氷の微笑

2019-07-01 09:43:01

小嶋 心


その店員はずっと私のことを睨んでいるようだった。

私はホテルに着くとすぐに、大学の先輩のAさんから1時間後に部屋に集合するようにと連絡を受けた。その晩は中国に降り立ってから6回目を数える夜で、1週間の旅程の最終目的地である上海に到着したばかりだった。明日の帰国を前に今夜は旅の思い出を朝まで語り合うに違いなかった。私は飲み物やスナック菓子を買いうための幾らかの現金を持って上海のネオン煌びやかな繁華街に繰り出すと、ふと見慣れた看板が目に留まった。「Family Mart」。店舗の色彩も、サイズも日本で見慣れたそのものである。買い物を済ませる前にゆっくり中国のFamily Martの商品を手に取って見てみようと店内を歩き回りレジ前を通り過ぎたその刹那、私は私を取り巻くある違和感に気付いた。違和感のする方向を振り向いてみると、確信へと変わった。レジでバーコードリーダーを持つ1人の同年代の女性店員が私を鋭い眼光で睨みつけている。身に覚えのない眼差しは何度見返しても変わらなかった。「何かお店に不利益な行為をしたのだろうか。」と理由を探りたい思いに駆られながらも、目的を済ませ今すぐにこのFamily Martから退店することが最も適当な選択だろうと判断した。カゴを急いで手に取り、人数分の飲み物とスナック菓子を選ぶことなく放り込み恐る恐るレジへと向かった。レジは私を睨む女性店員と、店長らしき男性店員のどちらかが行うことになる。レジへと続く列に並ぶ私は順番が近づくにつれ額に汗が流れていた。

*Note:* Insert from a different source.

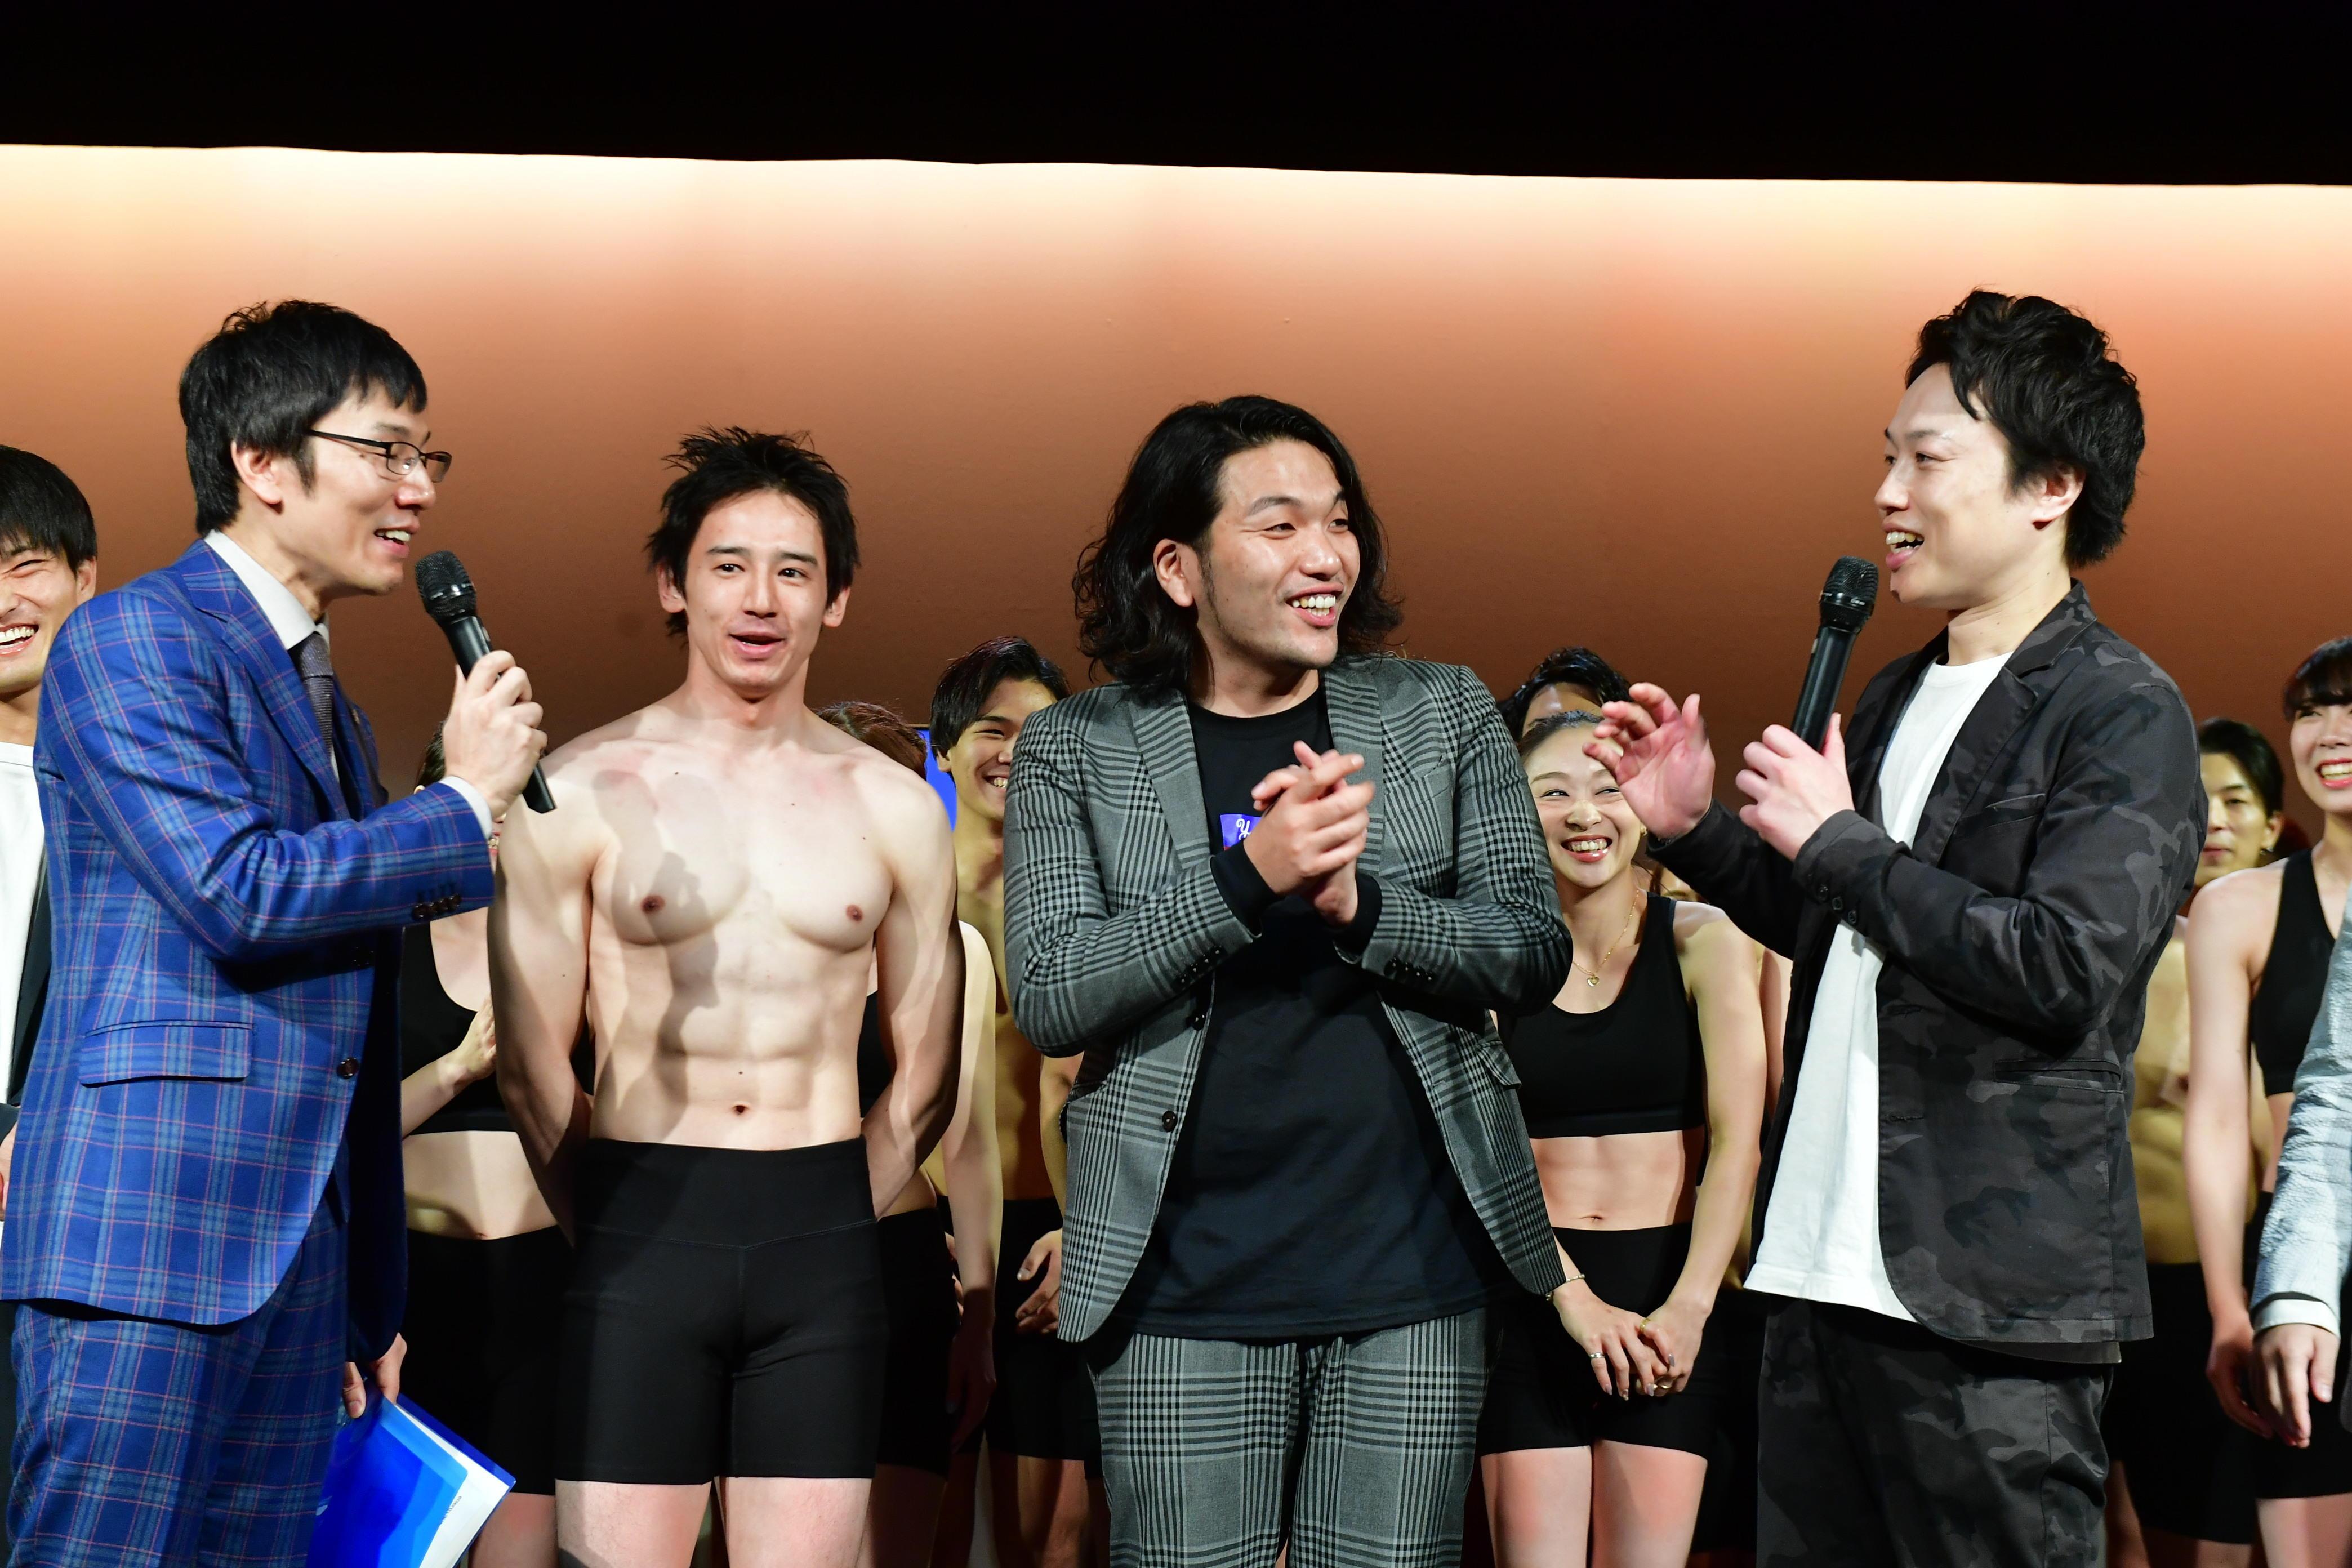 http://news.yoshimoto.co.jp/20181206204245-a22bcac980b49fd4ea3f5a5cdc3aae102cd6763a.jpg

運命は時に残酷なものである。私に手招きしたのは、あの睨む女性店員だった。女性店員はレジ打ちをする時も商品に目を向けるのではなく私を注視しているように思えた。中国で当たり前とは聞いていたが、レジ袋に買った商品を投げ込んだり、硬貨をトレーに投げ入れたりするその店員の姿が目つきと相まってとても冷たく感じられた。もう明日はこのFamily Martには行くまいと心に決めて自動ドアへの一歩を踏み出した時、私の耳はワンフレーズの日本語を聞き取った。「ありがとうございました。」カタコトであるが、はっきりと聞こえた。声のする方向を振り向いてみると、それはあの女性店員だった。

ホテルに戻るや否や一連の出来事を説明する私に先輩のAさんは異なる解釈を指摘した。「睨んでいたのではなく、1人で店内を歩く外国人の君を気にかけていたんじゃないの。」と。だとすると、帰り際の「ありがとうございました」は彼女なりのおもてなしの精神から発された挨拶だったかもしれない。私の中でその夜何度も何度も、カタコトの「ありがとうございました。」が反芻された。

今日、日本各地で中国人を目にする。日本政府観光局による2018年の訪日中国人は、838100人だそうだ。私達にとって中国人はとても身近な外国人観光客だと言える。しかしこれまで自分から日本で中国人に声をかけたことはなかった。ある日電車に乗っていると、ずっとGoogle MAPで目的地を探している中国人観光客を見かけたことがある。明らかに困っているようだったが、声をかけられなかった。

「おもてなし」は日本人の繊細な心配りの代名詞だとこれまで私は信じてきた。しかし私達一人一人に照らし合わると、日本での「おもてなし」はガイドブックやキャッチコピーとしての企業やマスメディアが主導するプロパガンダであって、外国人に対して本当にその精神を持っているのかは定かではない。

私の周りには中国人の図々しさや無神経さに苦言を呈する人もいるが、逆に街行く中国人に対して何か些細なことでも気にかけたことがあったのかと今こそ問いたい。

上海の目を指すようなビル明かりとネオンに照らされたFamily Martで働くあの店員は、日本人に対して帰り際「谢谢」ではなく「ありがとうございました」と伝えている。